- Born: November 18, 1970 (age 55) Japan
- Occupations: Sound editor, Music producer, Arranger

= Justin Kawashima =

American sound editor, music producer, and arranger

Justin Kawashima (born November 18, 1970), is a film sound editor, music producer, and arranger.

Kawashima was born in Japan, but his family moved to the United States that same year. He grew up in Houston, Texas, graduating from Memorial High School. He attended New York University and majored in Music History. Kawashima was accepted into the BMI Lehman Engel Musical Theater Workshop, making him the youngest person to join the group until Robert Lopez (who later won a Tony Award for writing Avenue Q) took that honor.

He has been a sound designer for films including Hal Hartley's feature, The Girl From Monday, starring Bill Sage and Sabrina Lloyd; and Opera No 1, featuring Parker Posey and James Urbaniak. He designed sound for Japanese film legend Takeshi Kitano's production company, Office Kitano, on the feature Big River, and the short film Running Time, starring Yul Vazquez, and Sam Rockwell.

In the dance world, he has collaborated as composer and sound designer on several new works with Bessie-Award-winning and Tony nominated choreographer David Neumann including Pearl River and the Central Park SummerStage concert performance featuring beat-poet John Giorno. Commissioned for the Celebrate Brooklyn Festival, Deep Six extended the collaboration to include veteran New York musicians Gary Seligson on drums and Dave Philips on bass.
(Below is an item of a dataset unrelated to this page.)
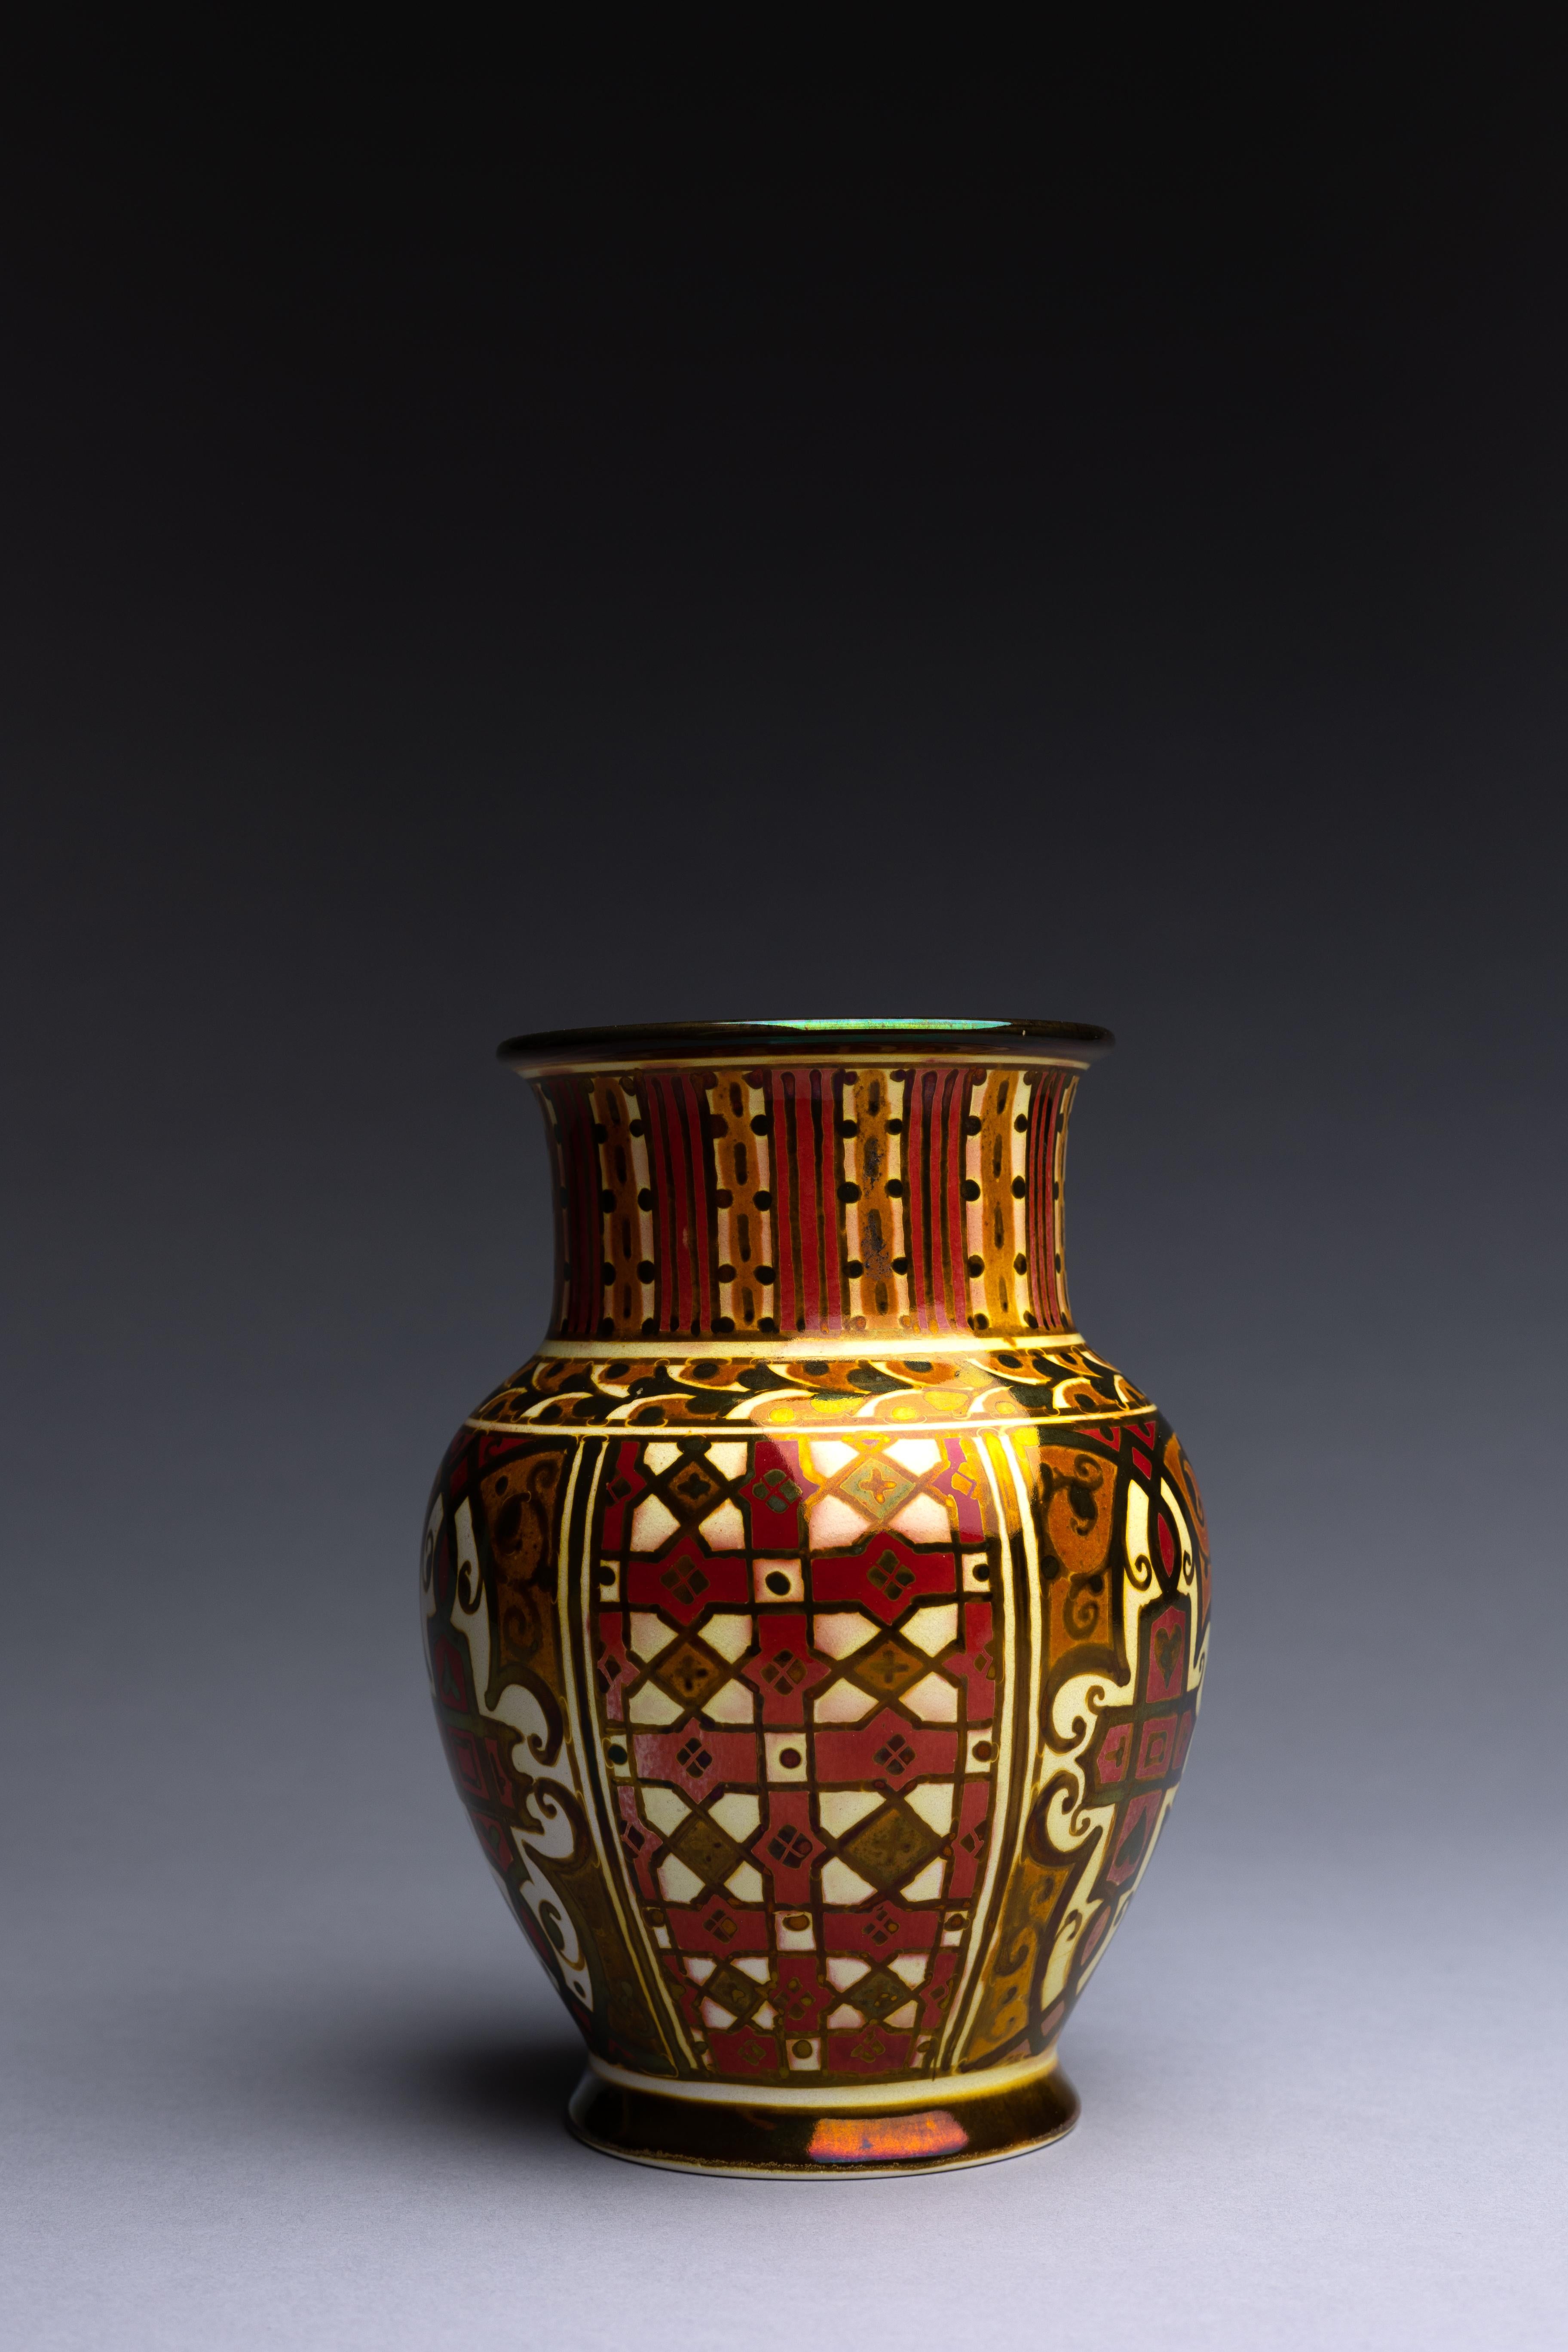 William S. Mycock for Pilkingtons Royal Lancastrian Pottery, a vase in stunning gold and ruby lustre glazes, created in 1920 in the dawn of the Art Deco style.

William Mycock’s gold and ruby lustre vase is emblematic of the high-quality

As a musician, Kawashima has been a producer and an arranger for major label and independent artists including American Idols Nikki McKibbin, and several other projects for multi-platinum mixer Andy Zulla. He provided additional production and mastering on the soundtrack, Possible Music, a collection of songs from the films of Hal Hartley. As an instrumentalist, Kawashima has performed with former Chucklehead MC Eben Levy in the electro-funk band Ejectrode, and was guitarist and keyboardist with the Pulitzer Prize-winning musical Rent, performing with the National Touring Production and on Broadway. He currently resides in Pleasanton, California as a Designer at Apple, with his wife, Lisa Walter, and their three daughters, Adrienne, Cameron and Deirdre.